The dangers of Cortana Analytics and poor data
Microsoft has recently introduced Cortana Analytics — an Azure-based service that allow users to perform predictive analysis through natural language, by just asking a question either via text, or by speech. While I believe Cortana Analytics to be amazing and I look forward not only to use it, but to implement it to our customers, I am concerned on the dangers imposed in relying on this technology. And no, Microsoft is not the one at fault this time. It is the users who I am worried about.

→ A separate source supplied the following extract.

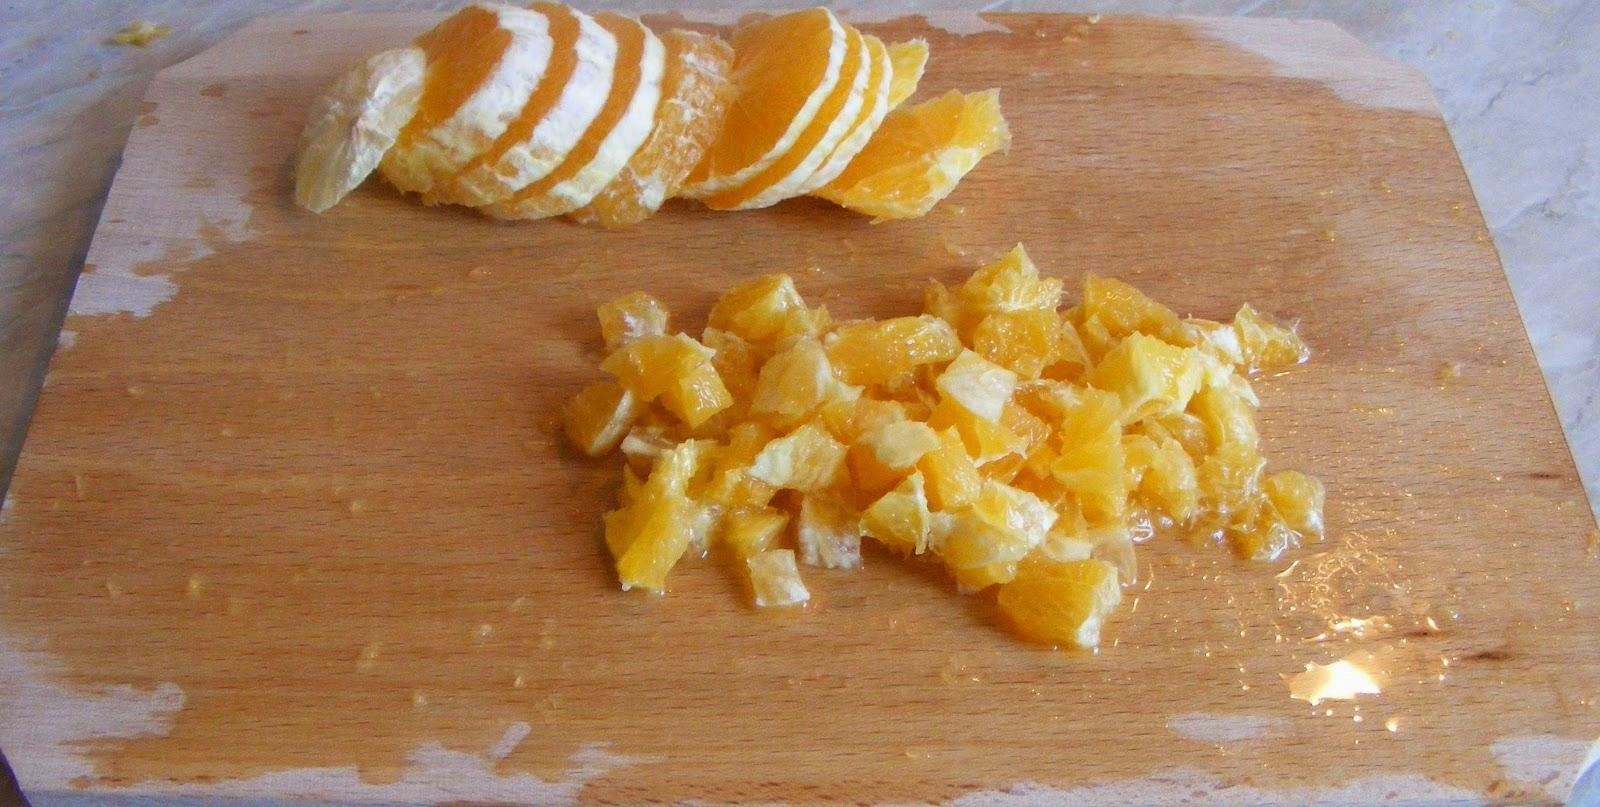 preparare dulceata, preparare dulceata de portocale de casa, cum se prepara dulceata de portocale, cum facem dulceata de portocale, retete si preparate culinare gemuri si dulceturi de casa pentru iarna, retete cu fructe, reteta cu portocale,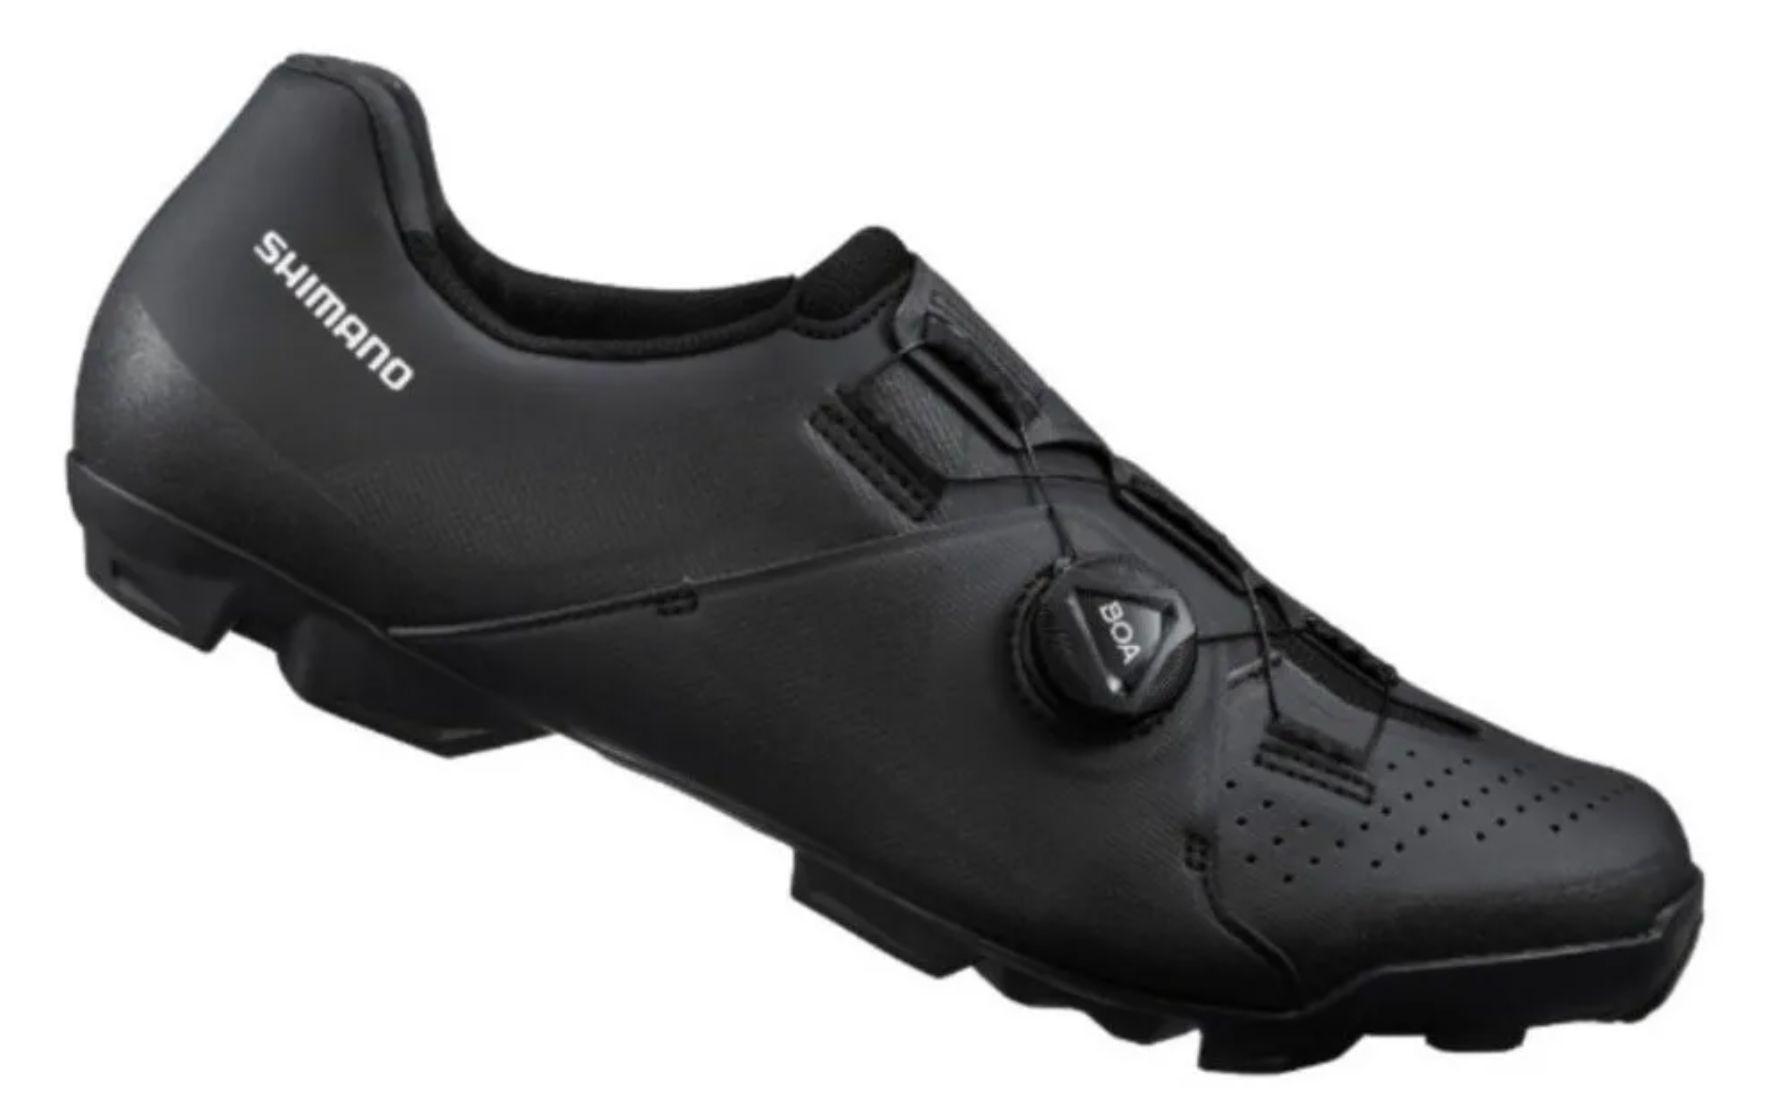 Sapatilha Shimano Sh-xc300 Xc3 Sistema Boa Pedal Clip Mtb

So what is Cortana Analytics? Cortana Analytics is the next step in natural language query for Microsoft Power BI. Currently in Power BI, users can write a question in the Power BI search box, and the system will automatically generate the most appropriate report to answer that question. The following is an example of a question I asked Power BI against the Retail Analysis sample data set:
In simple terms, this Q&A feature of Power BI means that users no longer need to design reports or ask for reports to be designed. They can simply ask the question they want, fine-tune the output to suit their needs (e.g. show a map rather than horizontal bars), and then save the query themselves to be used later, or to share it with their peers. This is great news not only to users, but also to BI/DW specialists who do not need to be fidgeting with report design anymore and can focus their efforts in data modeling instead.
So what does Cortana Analytics adds to the mix? First, it allow users to ask questions straight from the Windows 10 desktop using Cortana. Searches can be performed not only through typing, but also through speech. Second and most importantly, Cortana Analytics allow users to perform predictive analysis, and ask forward-looking questions like what customers are most likely to churn in the next quarter or what is the expected waiting time for patients during the holidays.
The problem with this scenario is that users might ask questions which the analytics engine is not able to answer correctly, and by no means due to a fault on the product, but due to a poor data set. Let me elaborate.
Suppose that we have a data set (picture it as an Excel sheet) from a clinical trial containing sick and healthy patients. In this sheet we have 30 variables (i.e. columns) containing details such as age, gender, blood pressure, and so forth. The last column is a TRUE/FALSE (i.e. binary) column that determines whether the patient is sick (TRUE) or not (FALSE). Now let’s suppose that we want to find out which one of the 29 columns in this data set can influence the outcome of the 30th column. In other words, which variables determine whether a person can get sick or not.
For the example above, we would normally conduct prescriptive techniques such as regression analysis or decision trees in order to answer our question. With Cortana Analytics this is no different. Cortana will forward this question to a system that is apt to answer this question (i.e. Azure Machine Learning) in order to obtain the answer.
Now here is the problem. Let’s suppose that we run a regression analysis against the clinical trial example given above. If we have thousands or even hundreds of thousands of observations (i.e. rows) in this data set, then it is likely that we will be able to get a regression model that tell us with a acceptable degree of confidence which variables are most likely to make someone sick. Now if we have fewer observations (say, less than 100), then it is likely that the regression model will provide no concrete results. This is not a limitation of a vendor or its product. It is a fundamental fact of statistical analysis. And even if Cortana hides all the technicalities of such analysis under the hood, it does not mean that such technicalities are no longer relevant.
There are also other factors that can negatively affect the outcome of an analytical model. For example when dealing with numbers, the system must know which variables are discrete and which are continuous, as well was their measurement scale (i.e. interval or ratio). Also variables that have an ordinal value such as cold, warm and hot must be identified accordingly.
So the point is that if the data set is not appropriately defined, and if it does not contain enough observations, any sort of predictive or prescriptive analysis is likely to provide a poor model that is not meant to be trusted. Now imagine Cortana Analytics on the hands of a decision maker who has no idea about those issues, and is attempting to execute an analysis against an ill-suited data set. A recipe for certain disaster.
Now there are some people out there who thinks that with Cortana Analytics there is no need for data scientists. Now I urge those people to reconsider based on what I have outlined in this post. Thinking that Cortana Analytics is a replacement for data scientists is like thinking that auto-pilot is a replacement for an airplane flight crew.
This is the classic case of garbage in, garbage out. Now imagine when users do not have the training to identify what is garbage and what is not.